Steve Lattimore was tough.
His arena was a Columbia College Chicago classroom near Grant Park. He would look at us green journalism students and tell us a scenario.
You're a reporter talking to a neighbor.
I'm the neighbor.
It was a test.
Someone, step up, he would say.
This is what it's going to be like.
It's going to be nerve-racking out there.
You want to be a reporter, right?
It was a glimpse into what tough reporters were like. And thus I fell deeply in love with this business — the stress, the characters, the romantic idea of the newsroom, the magic of seeing it all come together on deadline.
A reporter for CBS affiliate WBBM, Steve told me I could be a good journalist. He had hundreds of kids over the years, so I can't imagine he remembered that moment — but I do.
Steve died last month at an age that's far too young, in his 50s, and it got me thinking about how we don't really thank those who influence us the most.
Too many of my journalism instructors are gone now. Let me tell you about three of them — Lattimore, Jim Sulski and Robert Davis.
I was fortunate that Columbia hired — and hires — working journalists to teach, from the Tribune, Sun-Times, Fox News, NBC News, every station in town.
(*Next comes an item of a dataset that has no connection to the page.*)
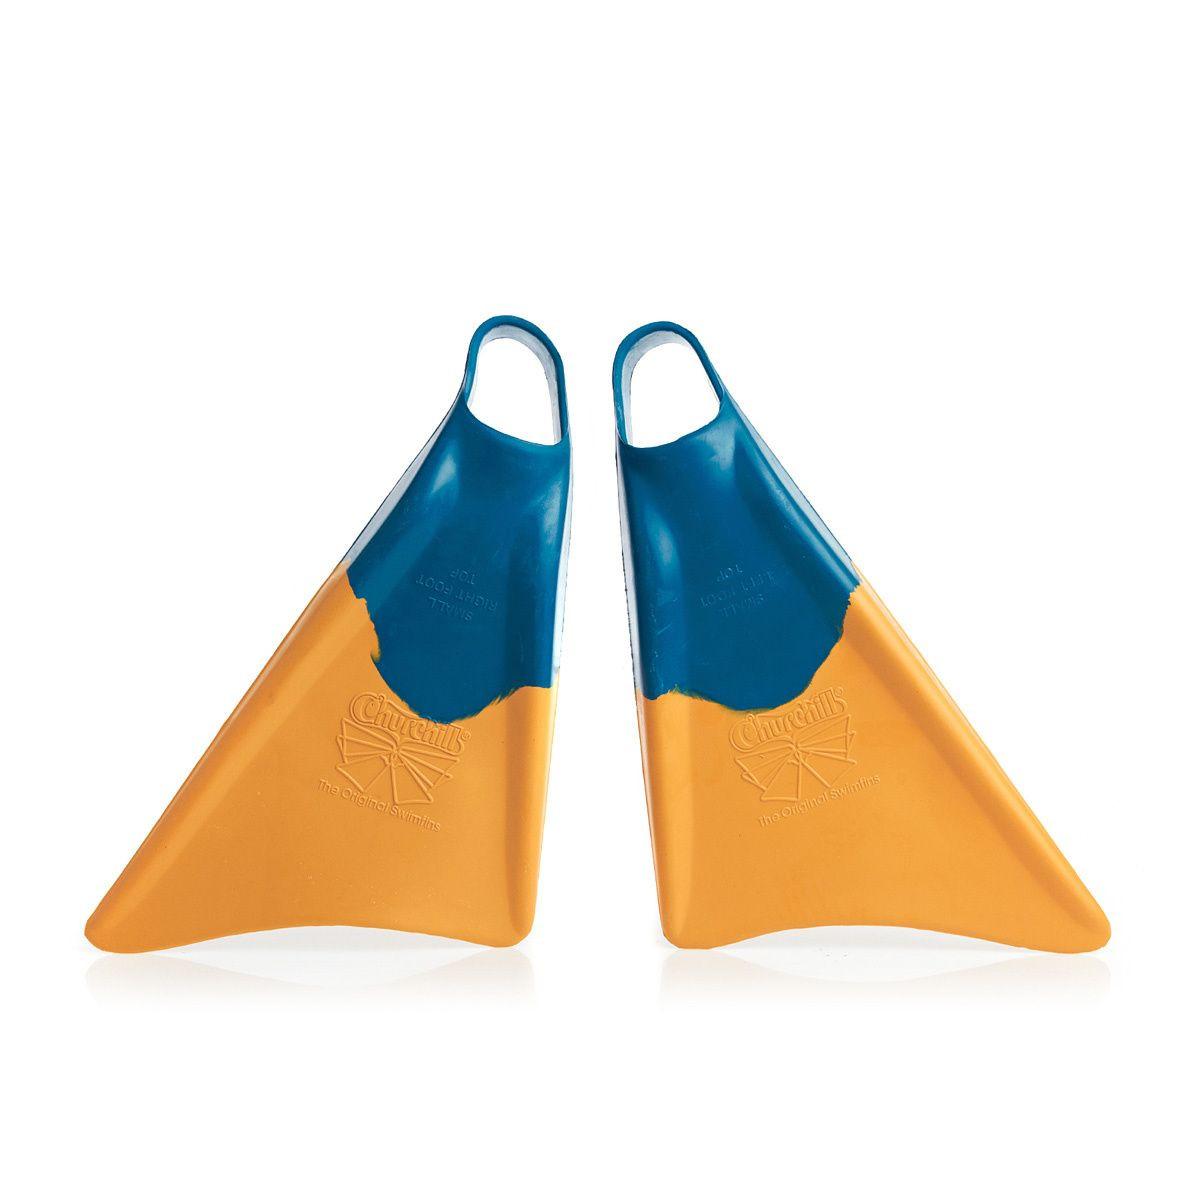 Churchill Makapuu Bodyboard Fins - Blue/ Yellow
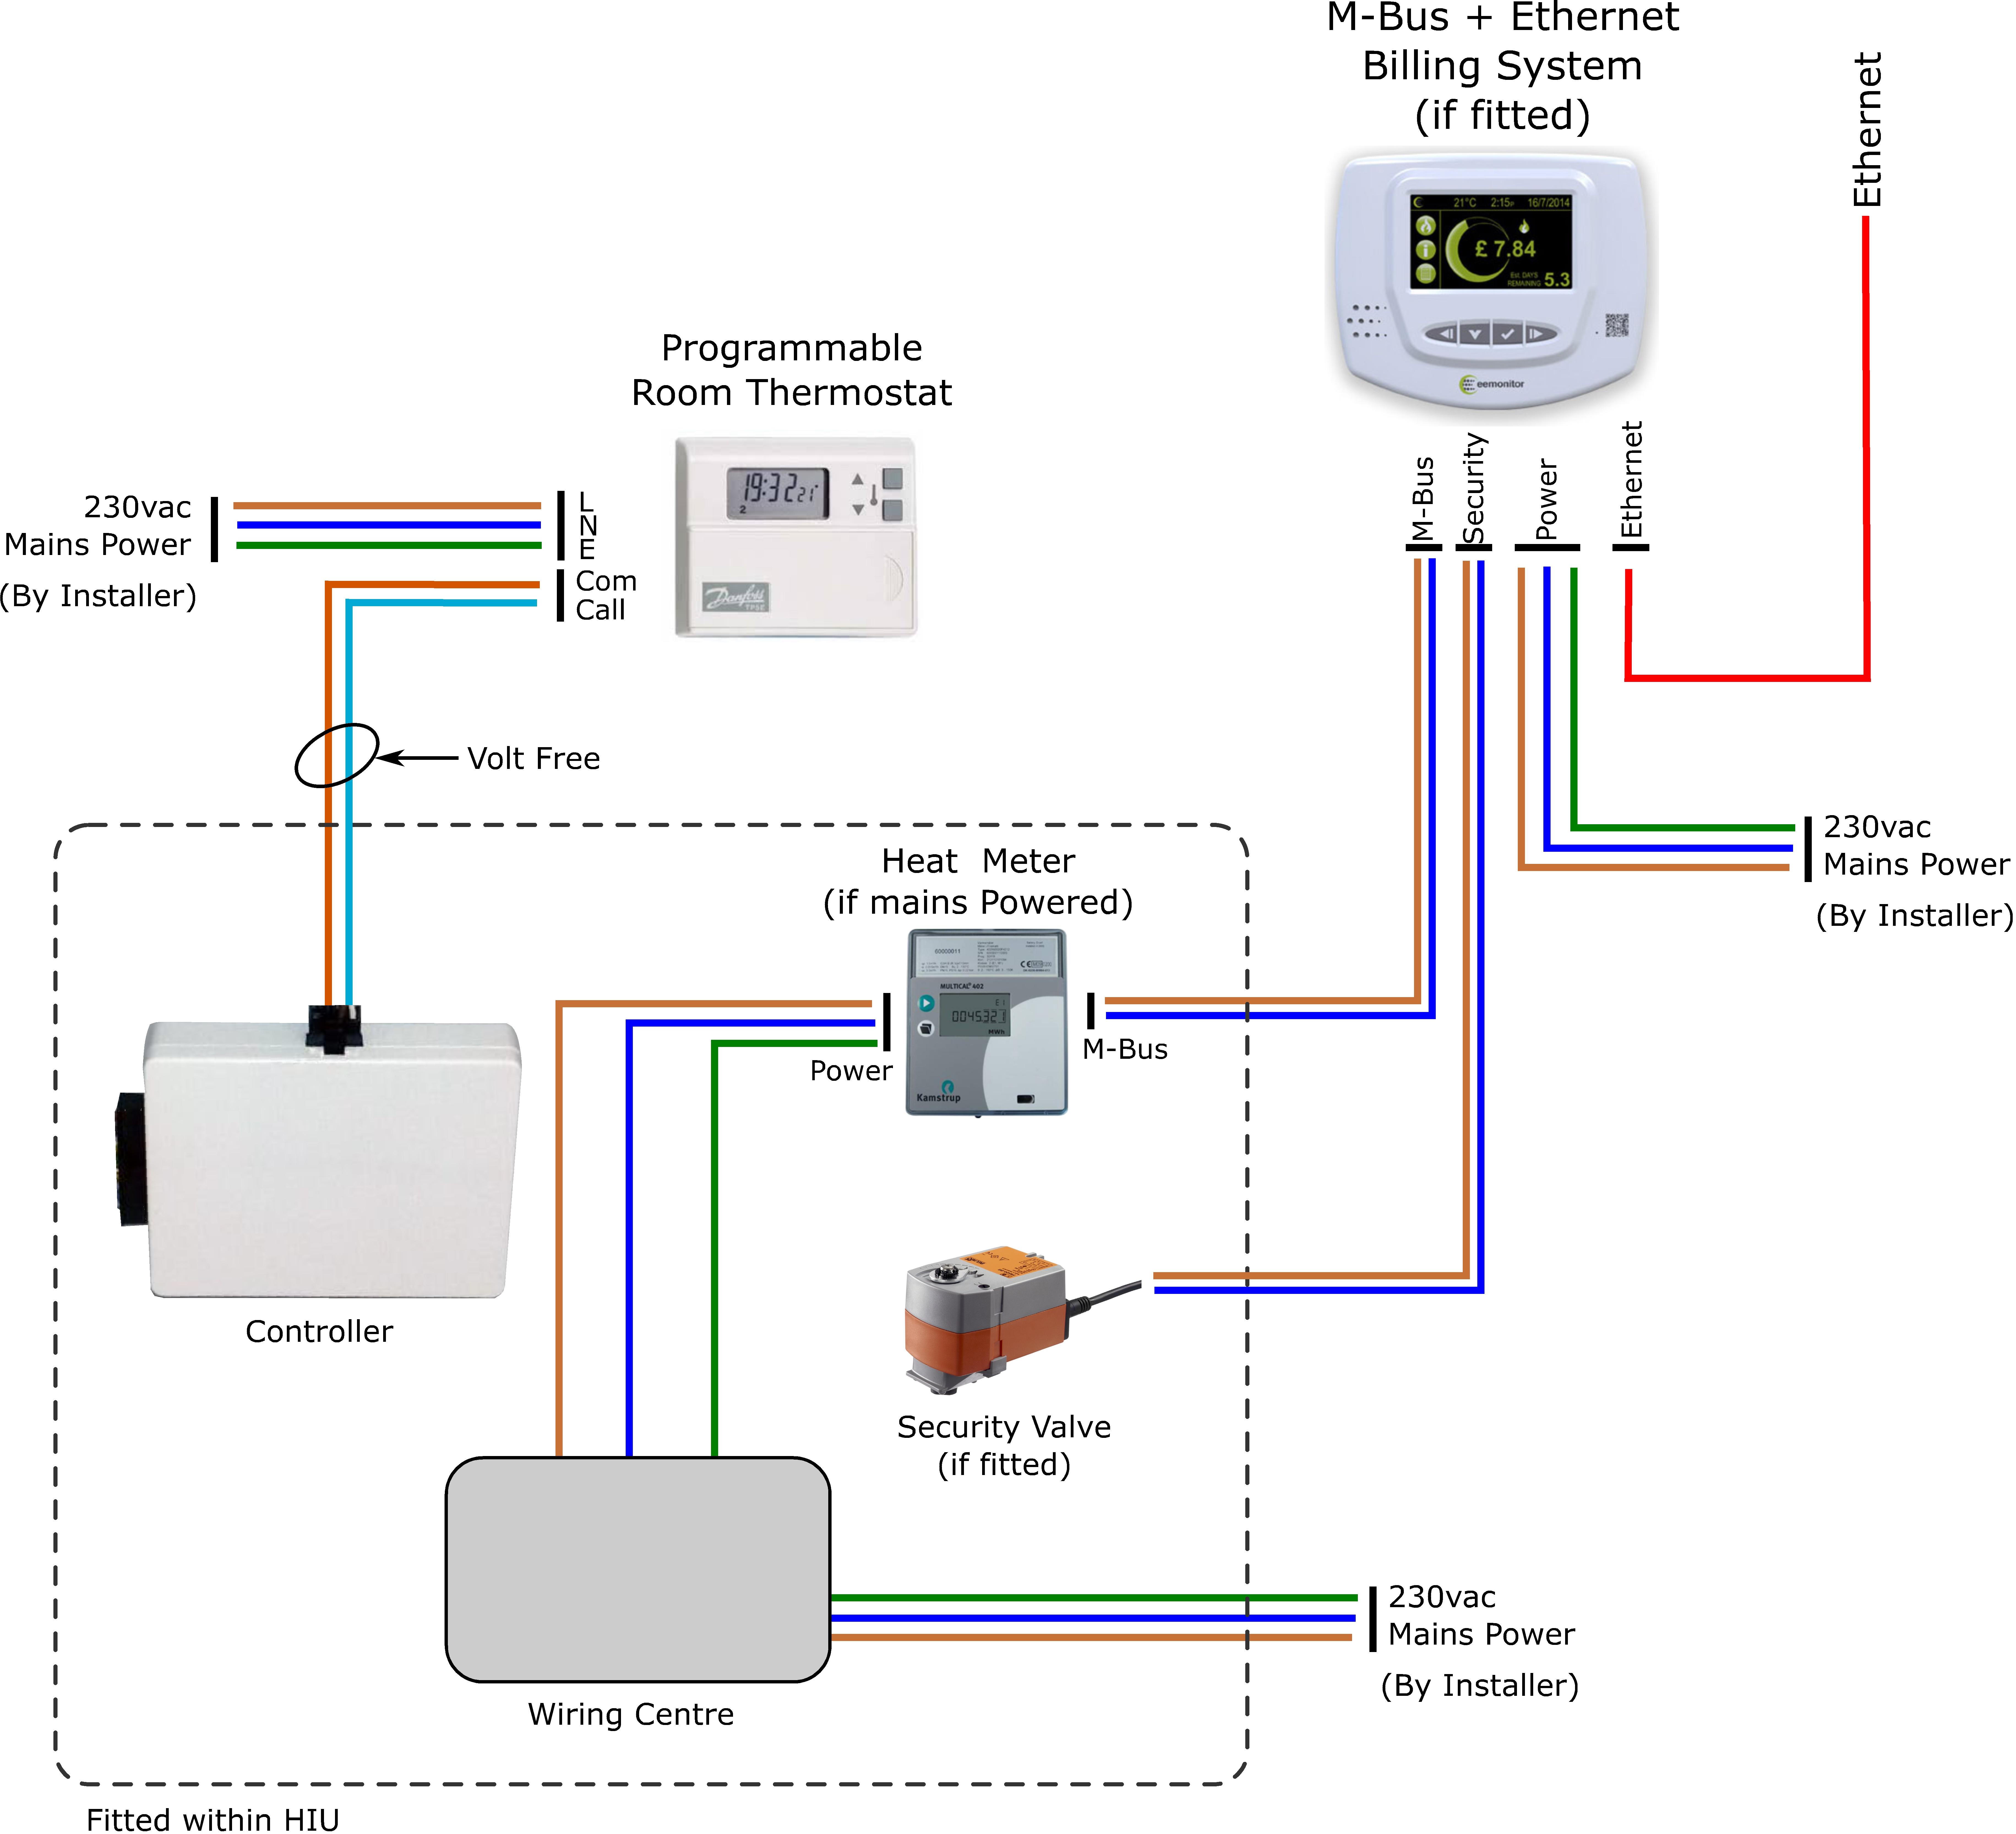 Single Phase Kwh Meter Circuit Diagram Wiring Master Blogs Watt Hour Economy 7 And Schematics Power Smart

Studs Terkel was around. I reviewed movies for the campus newspaper, The Chronicle, in the same East Lake Street screening room as Roger Ebert. It was wild.
The Chronicle is where I came to know Sulski, a bearded freelance journalist and the newspaper's staff adviser. A rare combination of laid back and intense, he carried in his heart the same passion we had for reporting, and his eyes would light up when we talked journalism and big ideas in the second-floor newsroom on South Wabash. There was laughter and excitement.
That area of Chicago, the South Loop, was undergoing rapid development, and Sulski had us report on land deals and urban renewal. He got us to pull the tax records of Columbia, his employer, and analyze who was making the most money. When I became the editor, I knew Jim went to bat and ran defense for us.
Those clips helped me get a job offer a weekly in Los Angeles covering development, and when I called Jim to ask whether the money was good enough and I should take it, there was a long pause. He told me I had landed. Take it, he said. And I haven't looked back since.
There was Davis, who had covered seven Chicago mayors for the Tribune and found a calling in teaching after retirement. I remember him holding court at the Billy Goat Tavern. He was a classic newspaper character — take no prisoners, play it straight, make the extra call.
When I wrote a column complaining that no one from the Columbia journalism department congratulated us Chronicle kids for winning some awards (yeah, I did that), Davis wrote a letter to editor directed to me that we printed.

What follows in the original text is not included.